Die Rotationen, die Ausfuhr von Verwundeten und Gefangenen, die Lieferung von Munition und Lebensmitteln erfolgen hier wie überall in der Dämmerung. Doch manchmal kommt es zu außerordentlichen Situationen und man muss bei Tageslicht fahren. An sonnigen und windfreien Tagen – und gerade solches Wetter herrscht gerade im Donbass – ist es besonders gefährlich.
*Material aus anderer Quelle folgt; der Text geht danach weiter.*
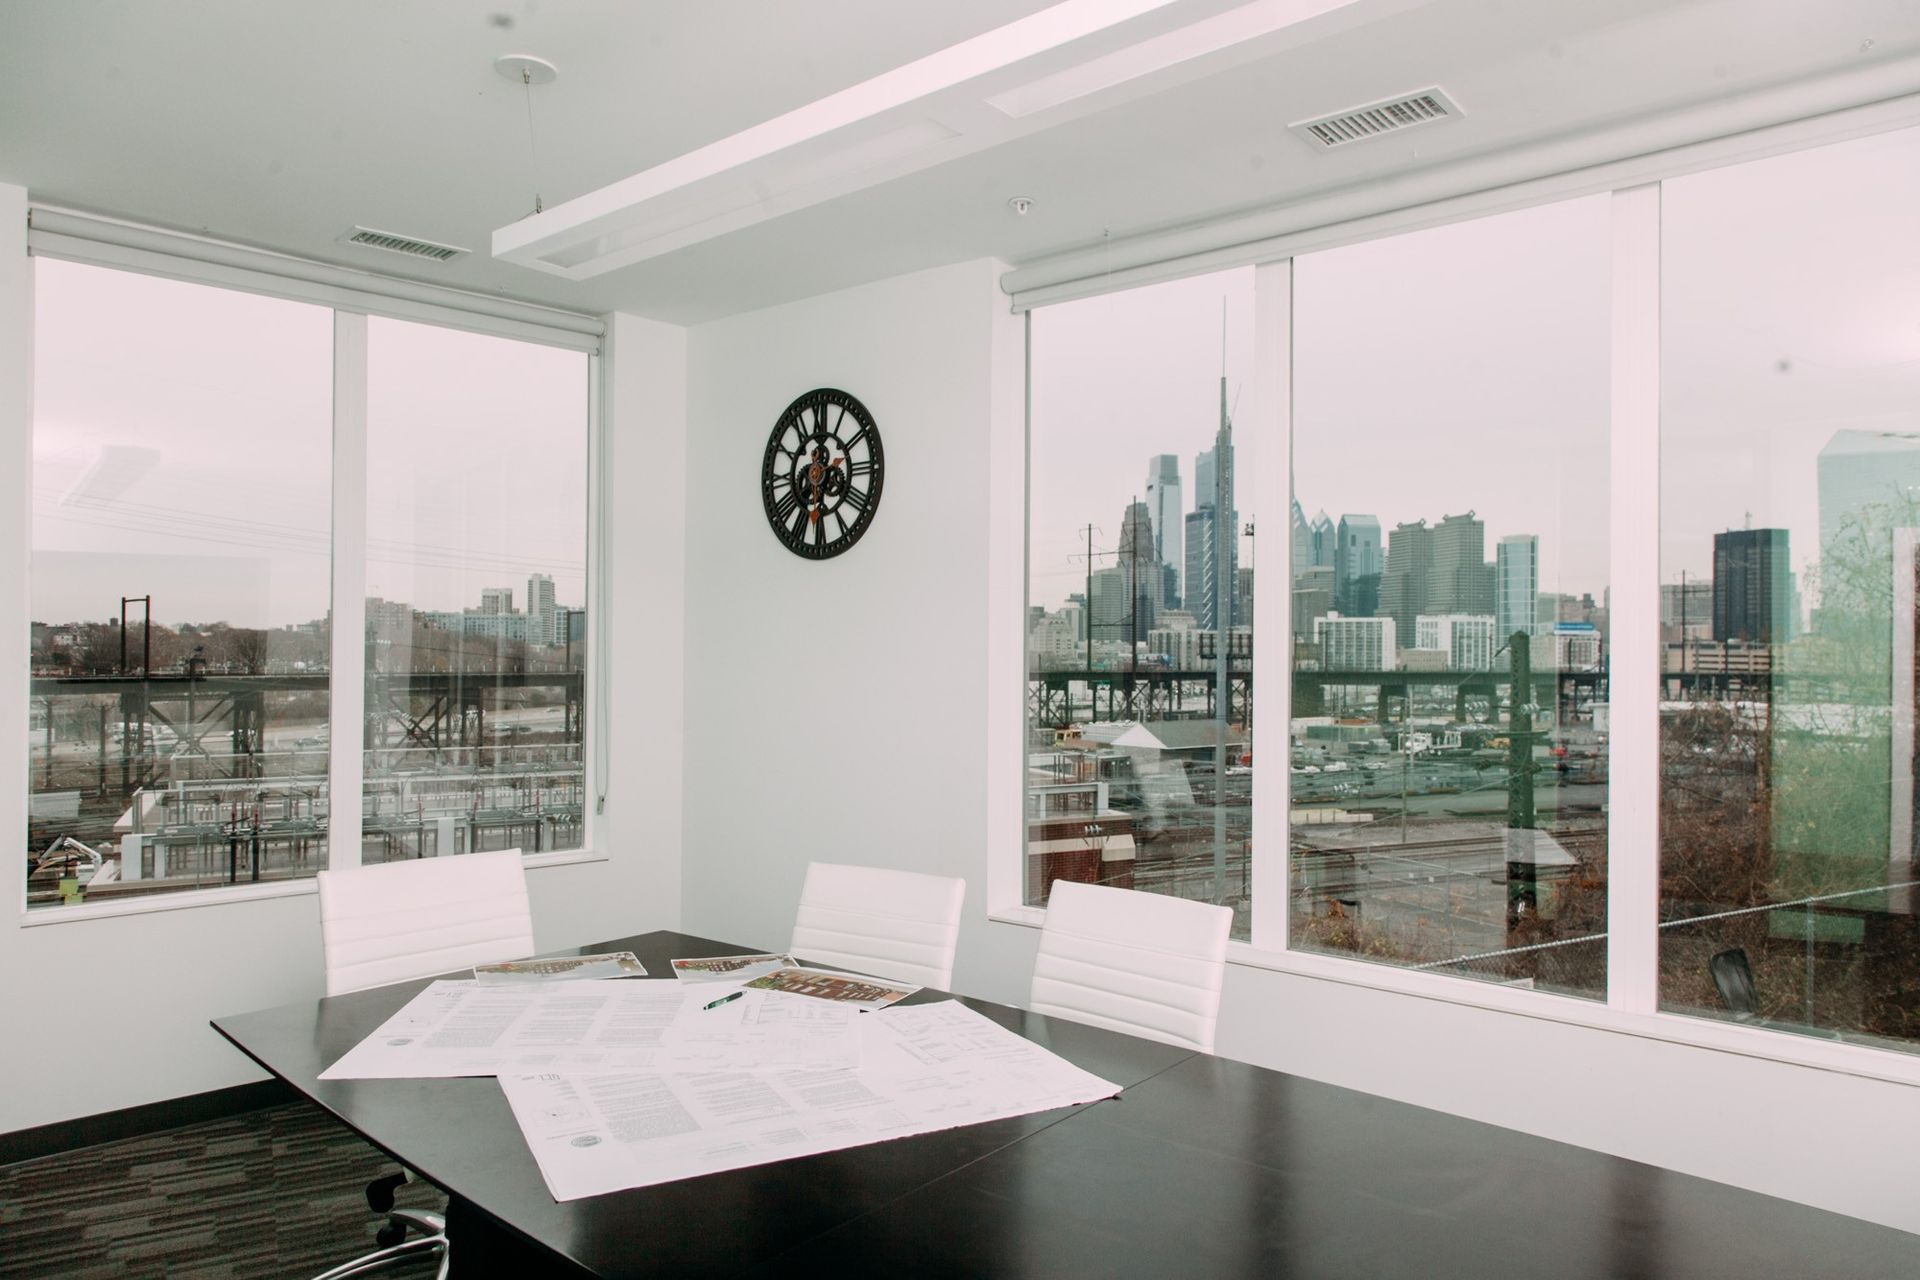 Conference room with Philadelphia background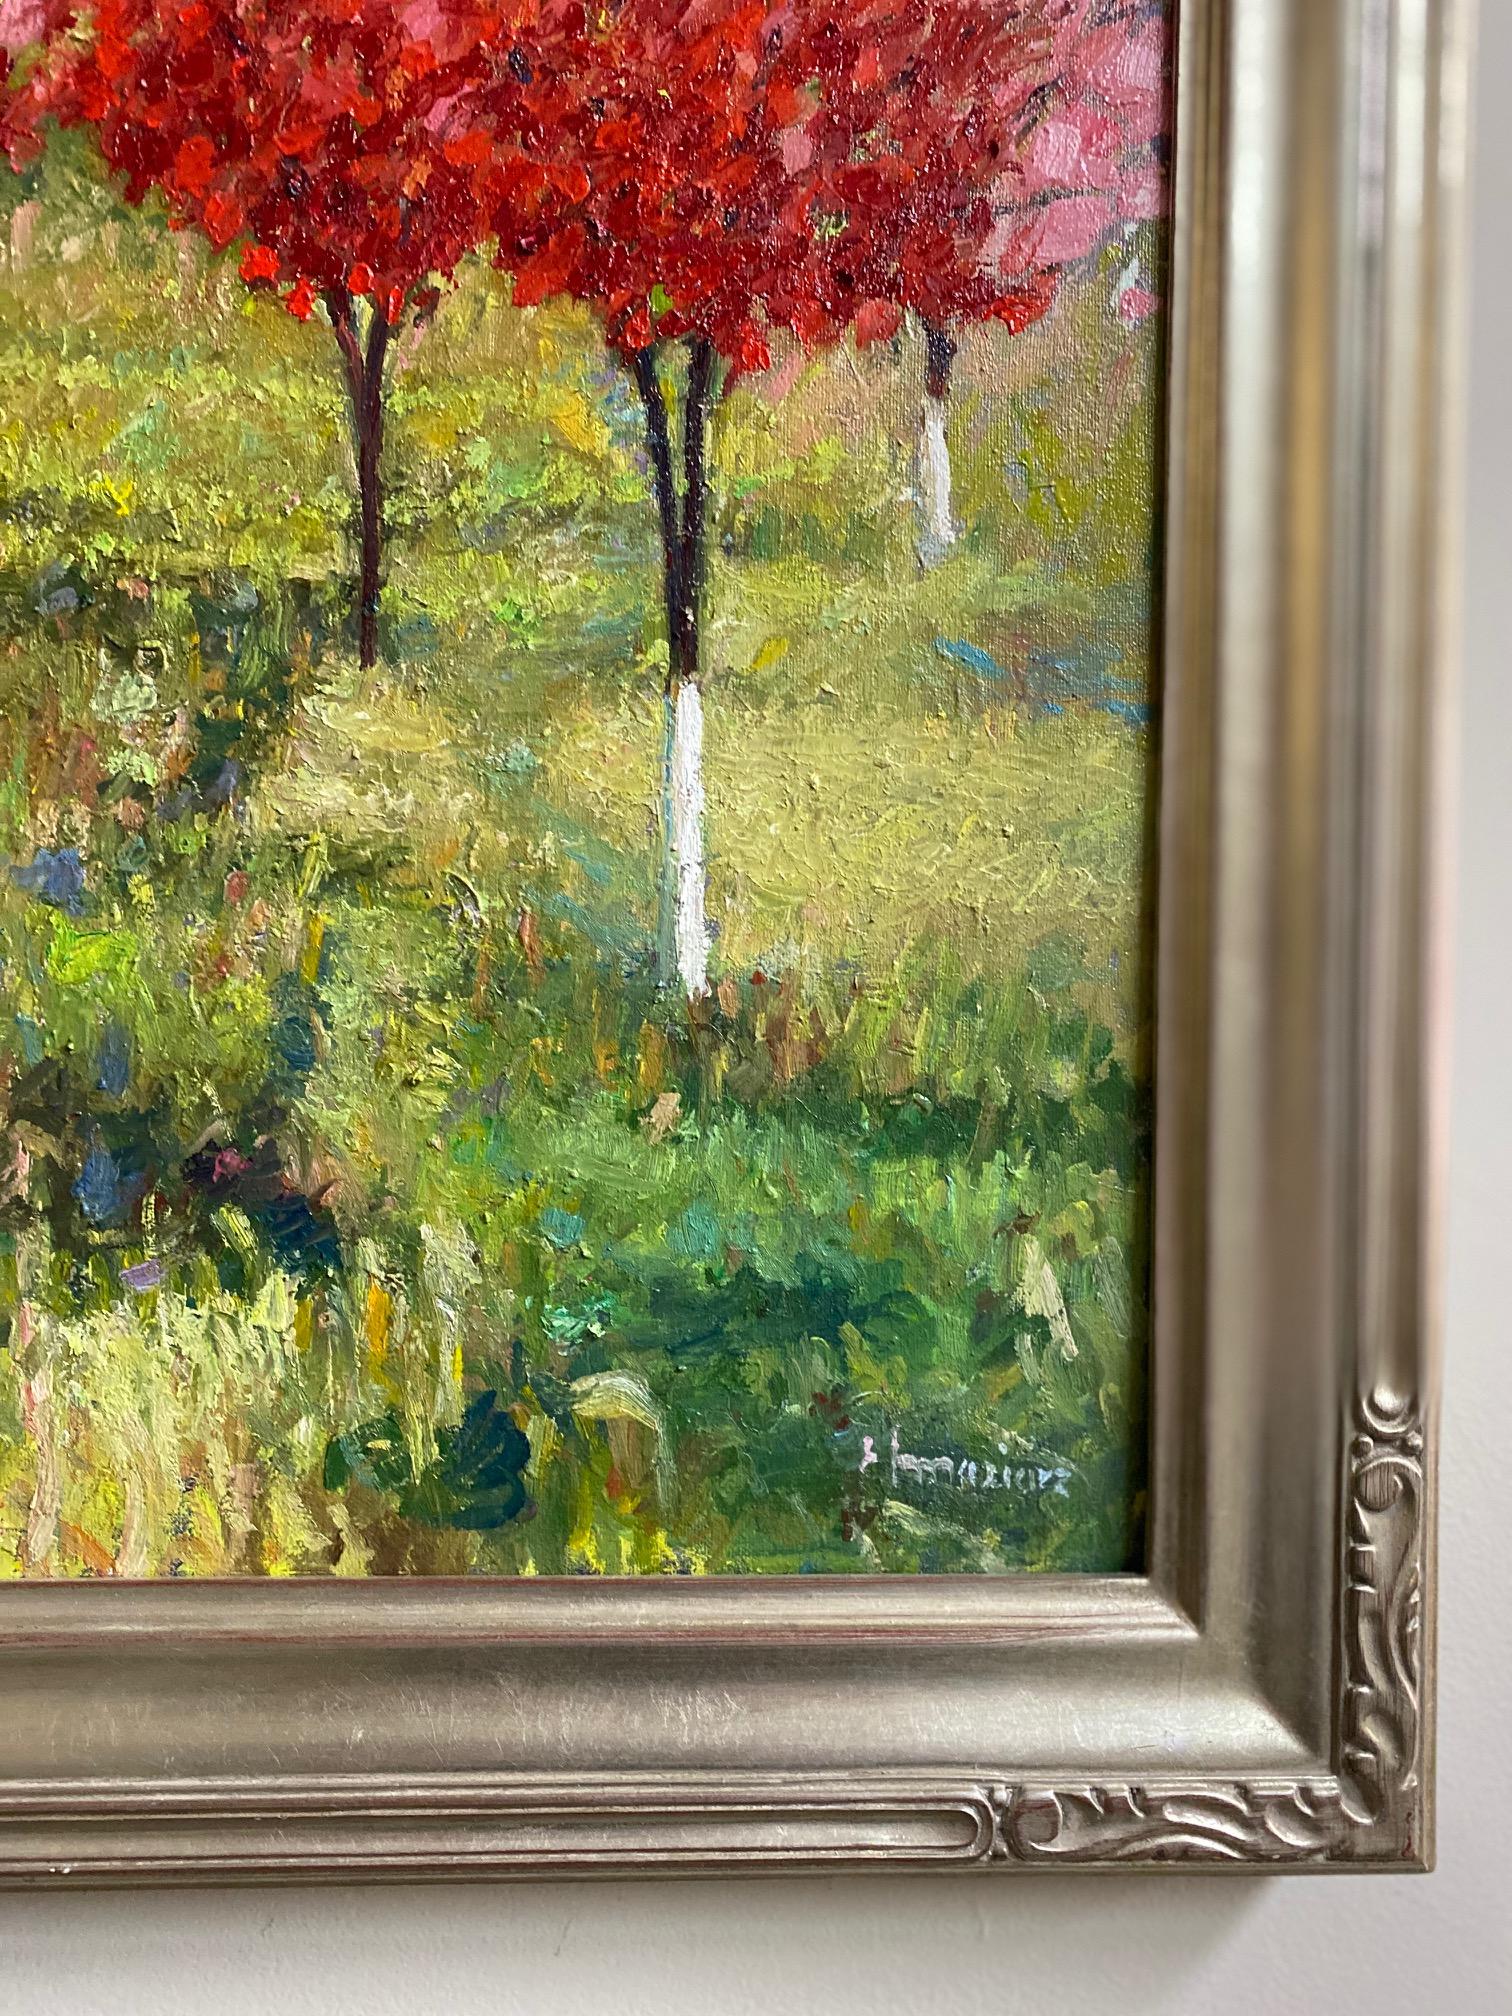 The parade of red flowering trees feel like an antique red velvet with their plush red flowers and mixture of red color values. Their shapes add to the sumptuous feeling they lend to the entire expressionist landscape.  Polish American artist Eugene

„Manchmal muss man dringend einen Schwerverwundeten herausbringen. Auch wenn wir über Funk hören, dass der Himmel ‚dreckig‘ ist, das heißt, dass Drohnen in der Luft kreisen, versuchen wir dennoch durchzubrechen. Andere haben Störsender an den Dächern, doch für mich sind Augen, Reaktion und ein mit Schrot geladenes Jagdgewehr der beste Schutz“, erklärt Medwed.

„Separatisten“

Heute haben die Kämpfer nicht nur eine militärische Mission. Wie gewöhnlich müssen sie ihren Kameraden Munition, Generatoren, Wasser, Drohnen und Batterien bringen, aber auch Lebensmittel und Medizin an die in Ukrainsk verbliebenen Zivilisten verteilen. Sollte die Lage es erlauben, werden sie versuchen, jemanden in eine Notunterkunft herauszubringen.

„Bisher ist es sehr schwierig, die Bevölkerung zu evakuieren. Die ukrainischen Soldaten halten sie für Separatisten und greifen sie gnadenlos an. Und wenn sie zuvor Kamikazedrohnen höchstens auf Menschenversammlungen abgefeuert haben, greifen sie inzwischen sogar einzelne Menschen an“, sagt der Kommandeur des Sturmbataillons eines Schützenregiments mit dem Funknamen Schmel (Hummel).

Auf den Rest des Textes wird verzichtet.